Why Save Endangered Species

In 1981, mountain gorillas were at rock-bottom. Confined to a small mountain range in central Africa, together with people encroaching on their habitat attracting poaching and civil warfare, their population had been estimated at only 254. They’d have fitted into one Boeing 747. Now things seem somewhat better. A poll in 2012 noted that the populace was around 880. That’s a major improvement, but it is still just two Boeing 747s of mountain gorillas. They stay seriously compromised.

We hear similar stories of woe all of the time, from all over the world. When it’s tigers, pandas, California condors, or coral reefs, a lot of the planet’s wildlife is under threat. It is originally upsetting, and just numbing.

Is it worth worrying about it all? Sure, it is going to be miserable if there are not some more adorable pandas around Earth, but it is not like we rely on these. Anyway, surely it is more important to look after individuals — that, let us face it, have their troubles to worry about – compared to invest countless dollars maintaining creatures. What, in a nutshell, is the purpose of conservation?

On the surface of it, there are loads of reasons why people should not bother to rescue endangered species. The most apparent is that the staggering cost entailed. It may be especially difficult to comprehend why anybody would want to maintain critters like wolves, which pose a danger both to livestock and people. Certainly, there are a few species we’d be better off without. Perhaps you might want to know more about that, you can watch videos with awesome content on YouTube or simply convert the videos on mp4 by clicking download mp4 Youtube.

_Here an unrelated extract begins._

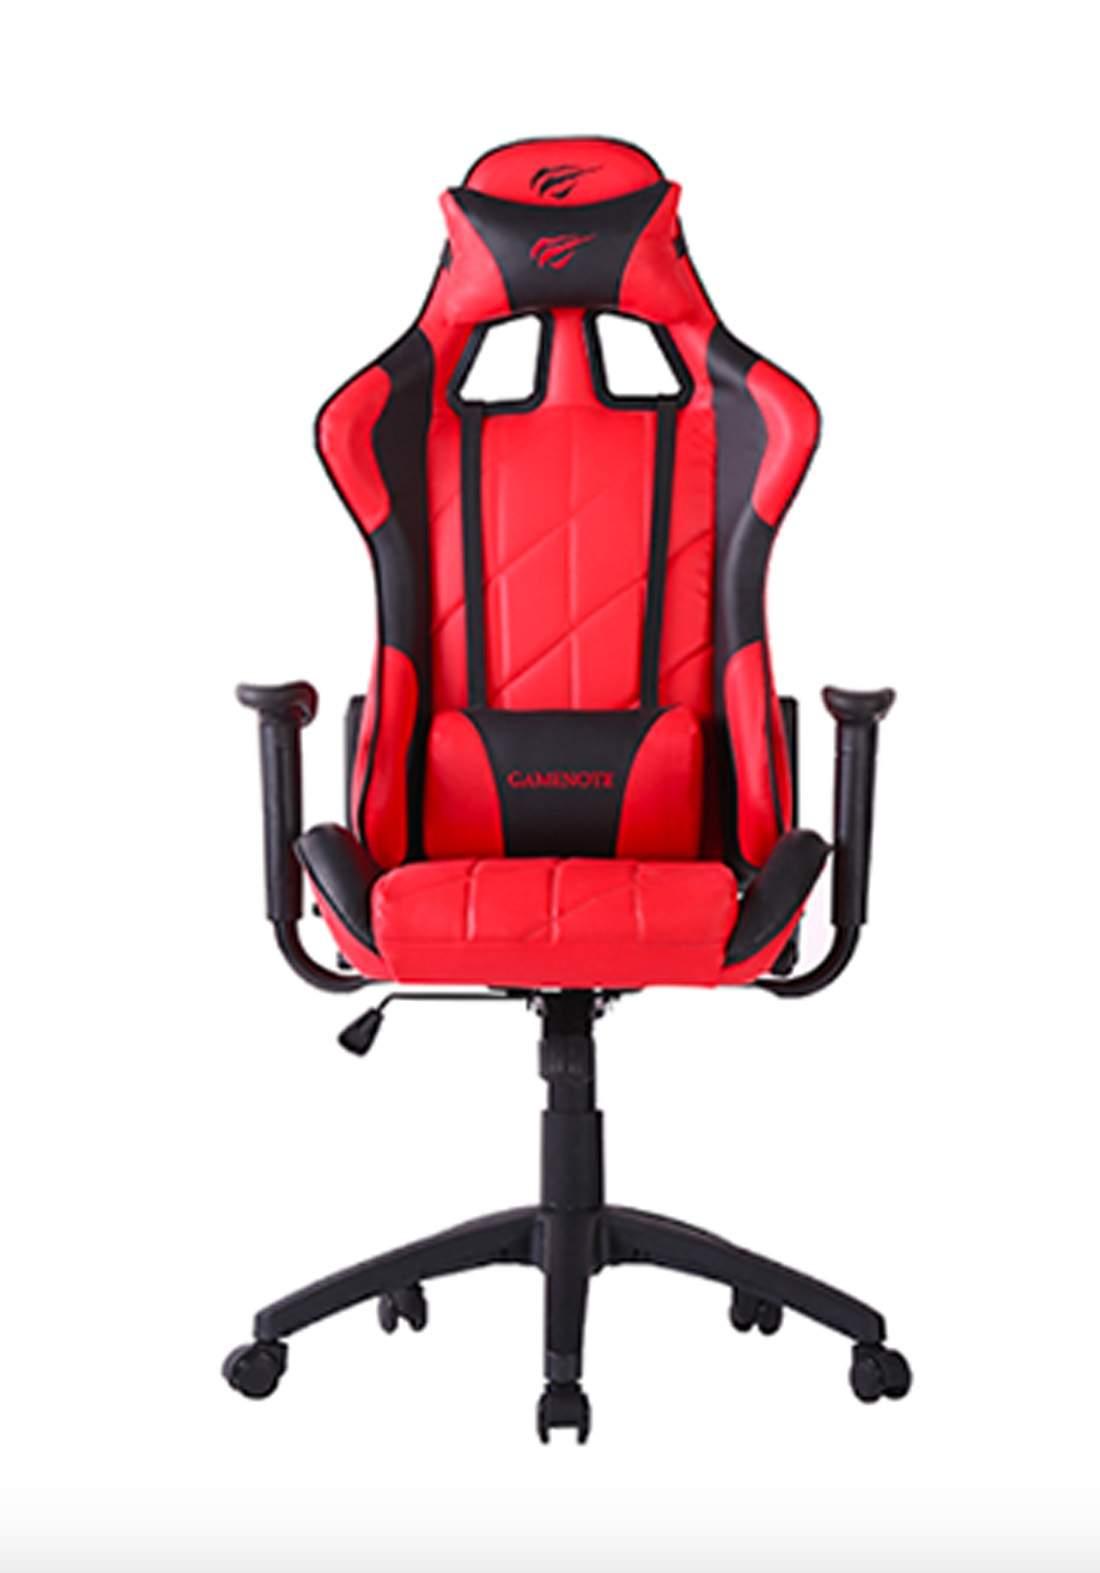 Havit Hv-Gc922 Gaming Chair - Red  كرسي ألعاب

Species go extinct all the time anyhow. Also as the human species dying out, five mass extinctions obliterated swathes of species. The latest one, 65 million decades back, took out the dinosaurs.

The extinction rate has increased a hundredfold over the past century. If extinction is a natural process which goes on in the absence of people, why should we stop it?

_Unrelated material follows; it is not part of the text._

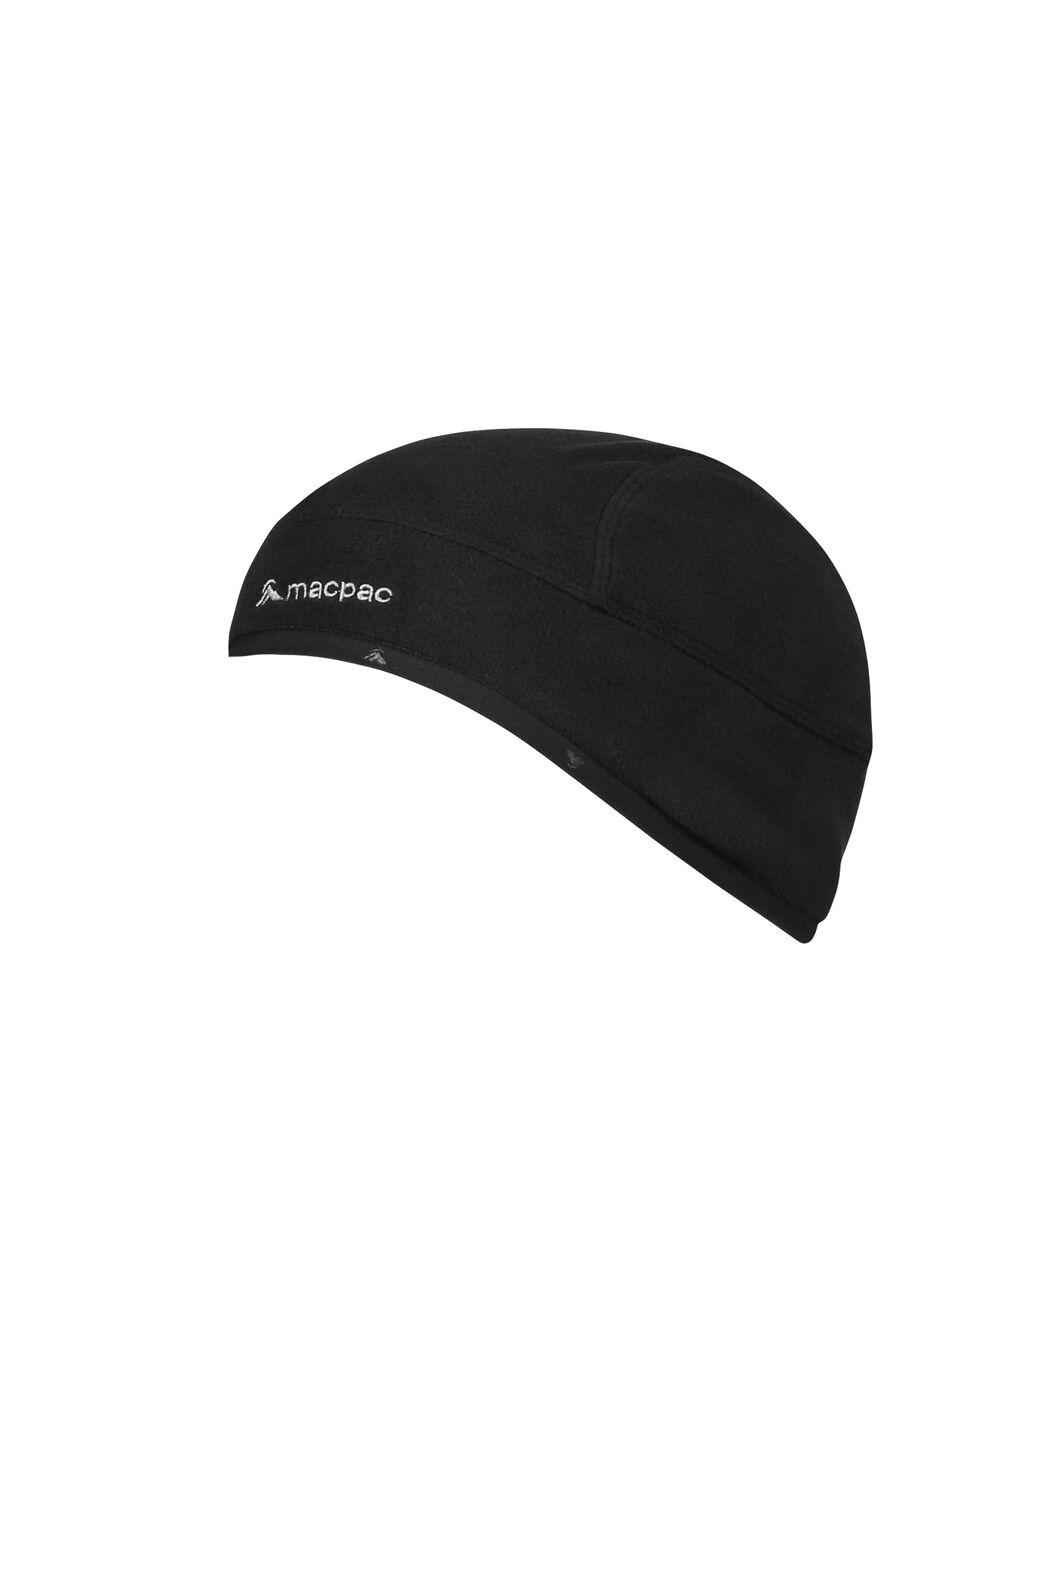 Macpac Hothed Fleece BeanieV3, Black, hi-res

A lot of people love the organic world. We believe animals are adorable, royal, or just plain intriguing. We love walking in the dappled sunshine of old woods, or scuba-diving above a coral reef. Who does not believe mountain gorillas are great?

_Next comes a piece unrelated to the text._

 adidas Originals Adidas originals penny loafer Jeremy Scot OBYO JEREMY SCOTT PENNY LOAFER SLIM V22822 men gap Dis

How some people find character amazing, by itself, will not perform.

Nature is amazing, and that aesthetic value is a reason to maintain that, just because we maintain artistic masterpieces such as the Mona Lisa or Angkor Wat. The primary problem with this debate is that it spells doom for those plants and animals which individuals are less fond of the nasty, the smelly, and the just plain vague. If we do not find them attractive, they are out.

More basically, it comes in a place of freedom and luxury. It is all very well to get a moneyed individual in the western world to wish to conserve tigers since they are nice to check at, but it does not cut much ice with a villager in rural India whose family is at risk from one.

Rather it is about seeing the human culture and crazy ecosystems as an inseparable whole.  This does not mean claiming every last species, which we could not do if we tried. It is also not about keeping things just the same, since that is impossible too.However, it will mean ensuring that ecosystems are as rich and varied as you can. That will be good for them, and great for all of us.